Question 14.5.2: The activation energy for the gas phase decomposition of t-b......
The activation energy for the gas phase decomposition of t-butyl propionate is 164 kJ.
C_{2}H_{5}COOC(CH_{3})_{3}(g) → (CH_{3})_{2}C = CH_{2}(g) + C_{2}H_{5}COOH(g)
The rate constant for this reaction is 3.80 × 10^{-4} s^{-1} at 528 K. What is the rate constant at 569 K?
You are asked to calculate the rate constant for a reaction at a specific temperature.
You are given the activation energy for the reaction, the rate constant at a given temperature, and the temperature at which the rate constant is unknown.
First, create a table of the known and unknown variables.

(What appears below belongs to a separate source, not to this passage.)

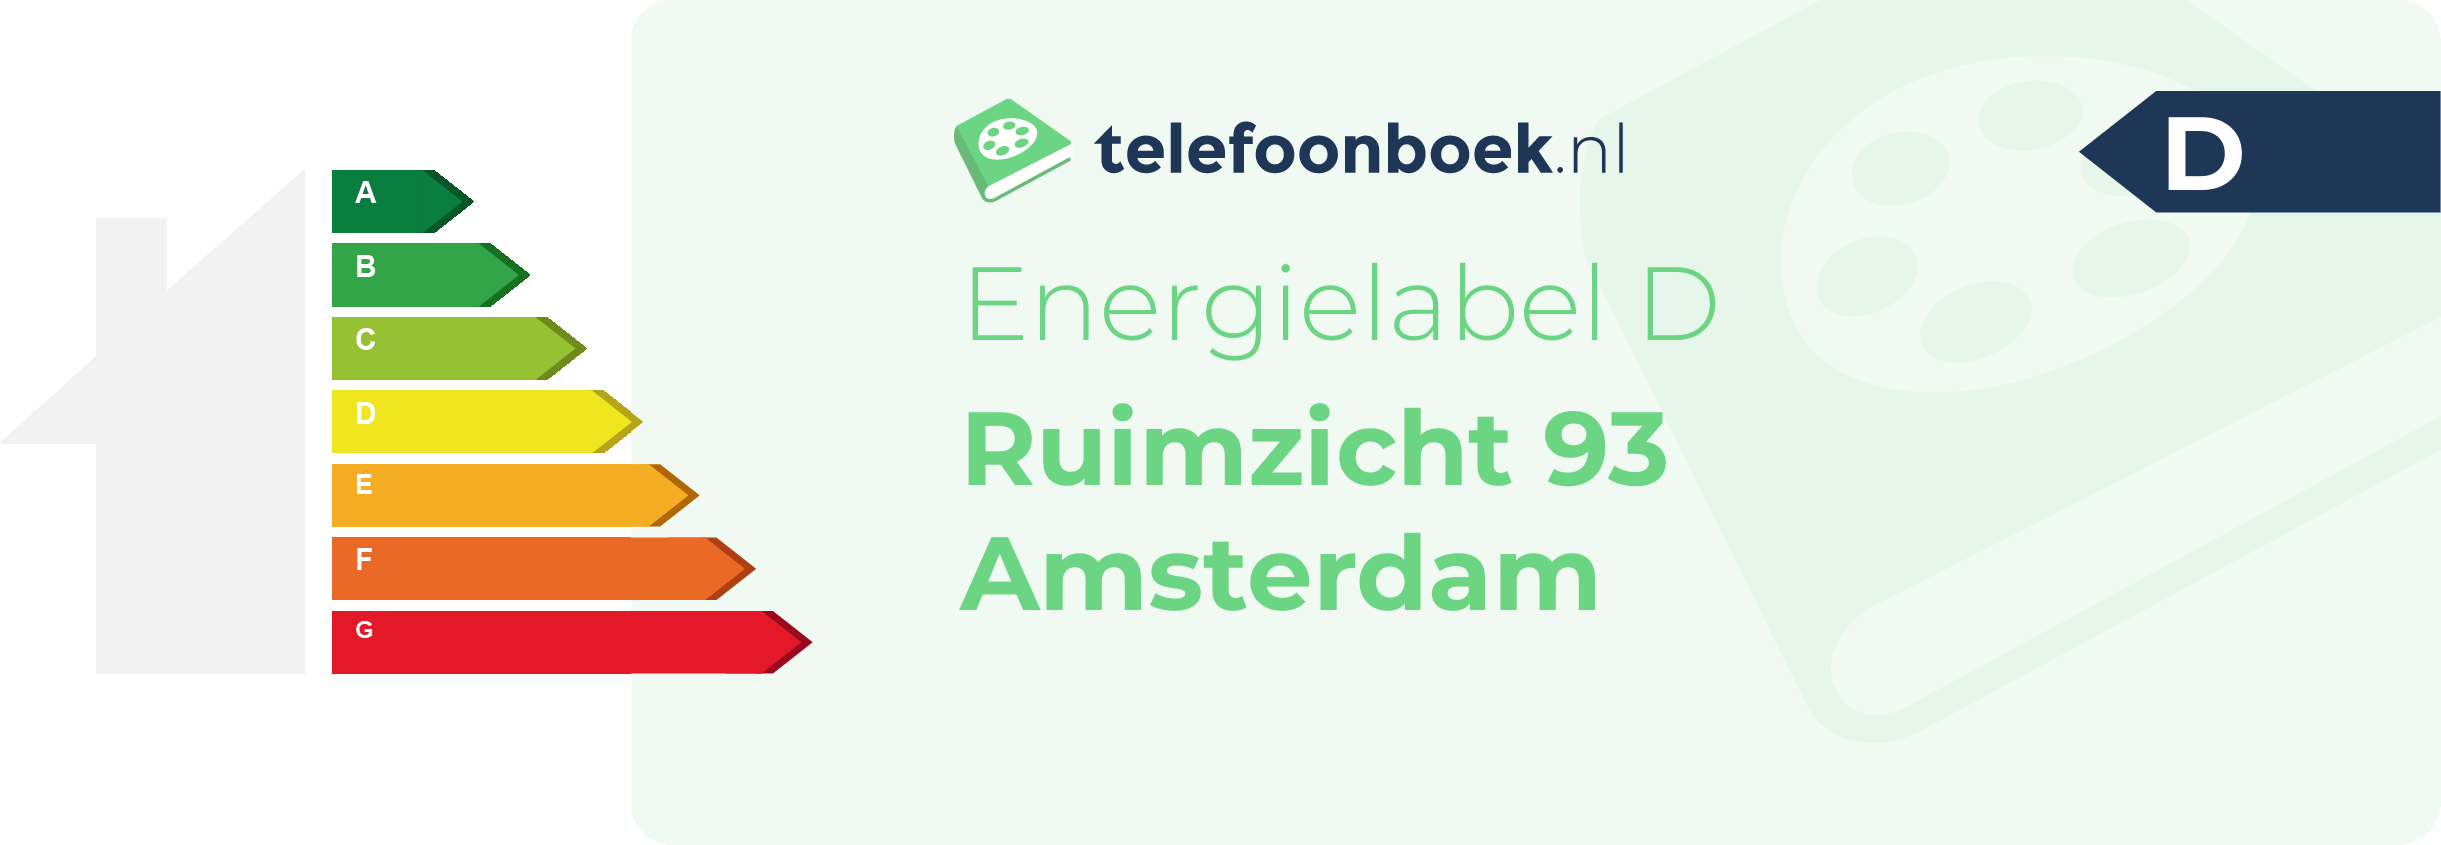 Energielabel Ruimzicht 93 Amsterdam

T_{1} = 528 K T_{2} = 569 K
k_{1} = 3.80 × 10^{-4} s^{-1} k_{2} = ?
E_{a} = 164 kJ/mol
Next, use the two-point version of the Arrhenius equation (Equation 14.8). The gas constant
can be expressed in units of kJ/K · mol.
ln\left(\frac{k_{2}}{3.80\times 10^{-4}\text{ s}^{-1}} \right) =\frac{-164\text{kJ/mol}}{8.3145\times 10^{-3}\text{kJ/K}\cdot \text{mol}} \left(\frac{1}{569\text{ K}}-\frac{1}{528 \text{ K}} \right)
ln\left(\frac{k_{2}}{3.80\times 10^{-4}\text{ s}^{-1}} \right) = 2.69
\frac{k_{2}}{3.80\times 10^{-4}\text{ s}^{-1}}=\text{e}^{2.69} = 14.8
k_{2} = 5.61 × 10^{-3}s^{-1}
Is your answer reasonable? At a higher temperature, the reaction is faster and the rate constant has increased.